Female, Fat, and Facing a Jury? Uh-Oh
Date:  01-24-2013

New study finds that obese women are more likely to be convicted by male jurors
On June 24, 2010 Reentry Central posted an article about a Cornell University study that found attractive defendants fare better with jurors. According to the study:

  • Jurors were 22% more likely to convict an unattractive defendant than a good-looking one for non-serious crimes. When the crime was believed to be of a serious nature, such as murder, there were minor differences in the conviction rates of attractive versus non-attractive defendants.

  • Unattractive defendants were given longer sentences than their better looking counterparts - on the average, 22 months longer.

    Now, a new study shows that the scales of justice can be unfavorably tipped when a female defendant tips the bathroom scale at a weight considered to be above societal expectations of what is “acceptable.”

    ABC News reported that a study undertaken by the Rudd Center for Food Policy and Obesity at Yale University found that female defendants who were overweight were more likely to be convicted by male jurors than thinner female defendants.

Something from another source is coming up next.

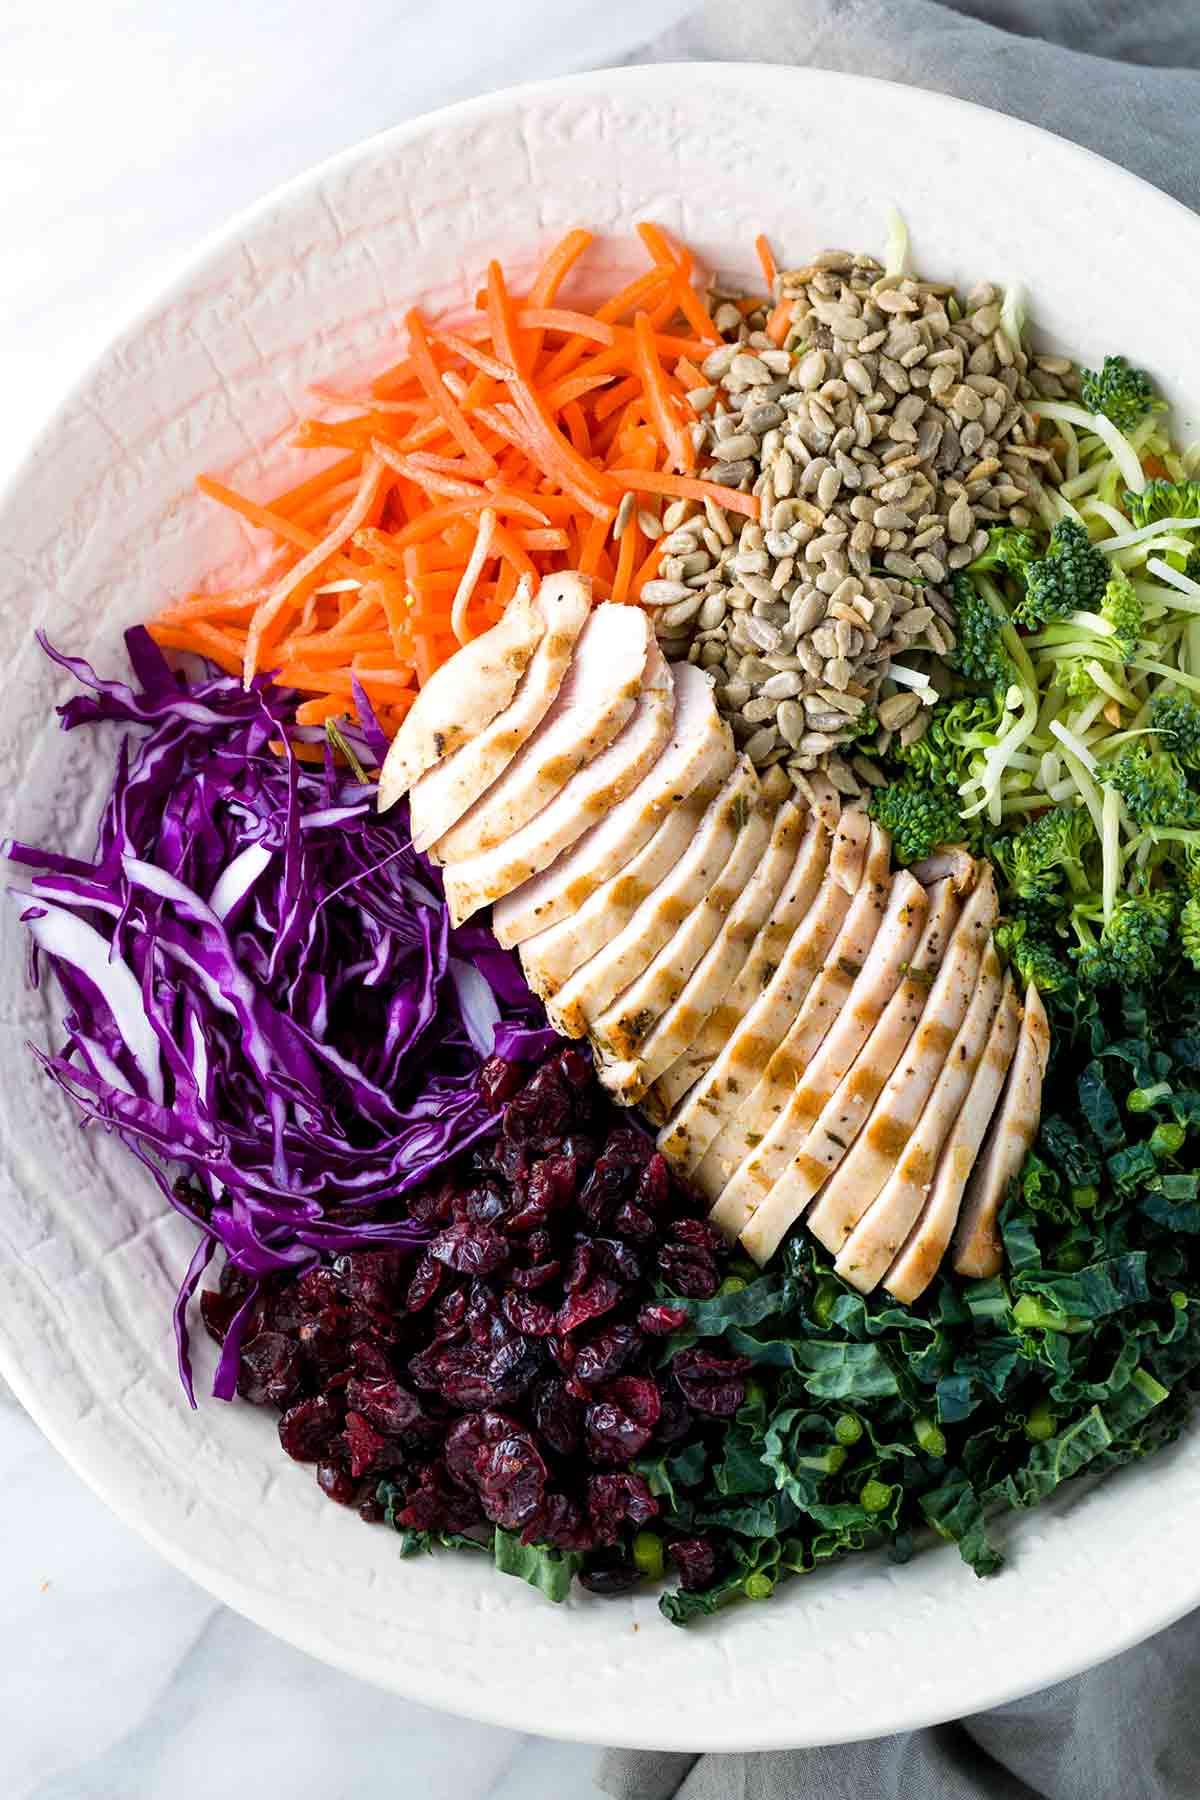 Ingredients for a delicious broccoli slaw salad

Ironically, women who participated in the study, and whose worth in society is often measured by the measurement of their waistlines, did not subscribe to the anti-obesity bias as the males did. click here to go to website

    Highlights of the study, The Influence of a Defendant’s Body Weight on Perceptions of Guilt, follow:

    OBJECTIVE: To investigate the influence of a defendant’s weight on simulated jurors’ perceptions of guilt.

    DESIGN AND METHODS: Participants were 471 lean and overweight adults who read a vignette describing a case of check fraud while viewing one of four images of the alleged defendant (a lean male, a lean female, an obese male or an obese female). Participants rated the defendant’s culpability on a 5-point Likert scale and completed measures of anti-fat attitudes.

    RESULTS: Male respondents endorsed greater overall weight bias than females. A three-way interaction was detected between participant sex, defendant sex and defendant weight on perceptions of guilt such that when the defendant was female, male participants were significantly more likely to find her guilty if she was obese than if she was lean. In addition, lean male participants were significantly more likely to believe that the obese female defendant met criteria for check fraud, and indicated greater belief she would be a repeat offender, compared with the lean female defendant. There were no differences in perceptions of guilt or esponsibility between the obese male and the lean male defendants.

    CONCLUSION: The results of this novel study indicate that both weight and gender of a defendant may affect juror perceptions of guilt and responsibility.

    The study also states that guilt or innocence may be decided by attractiveness, race, gender,socio-economic status, or even religion, proving what most already know - - justice is not blind, but can be myopic at times.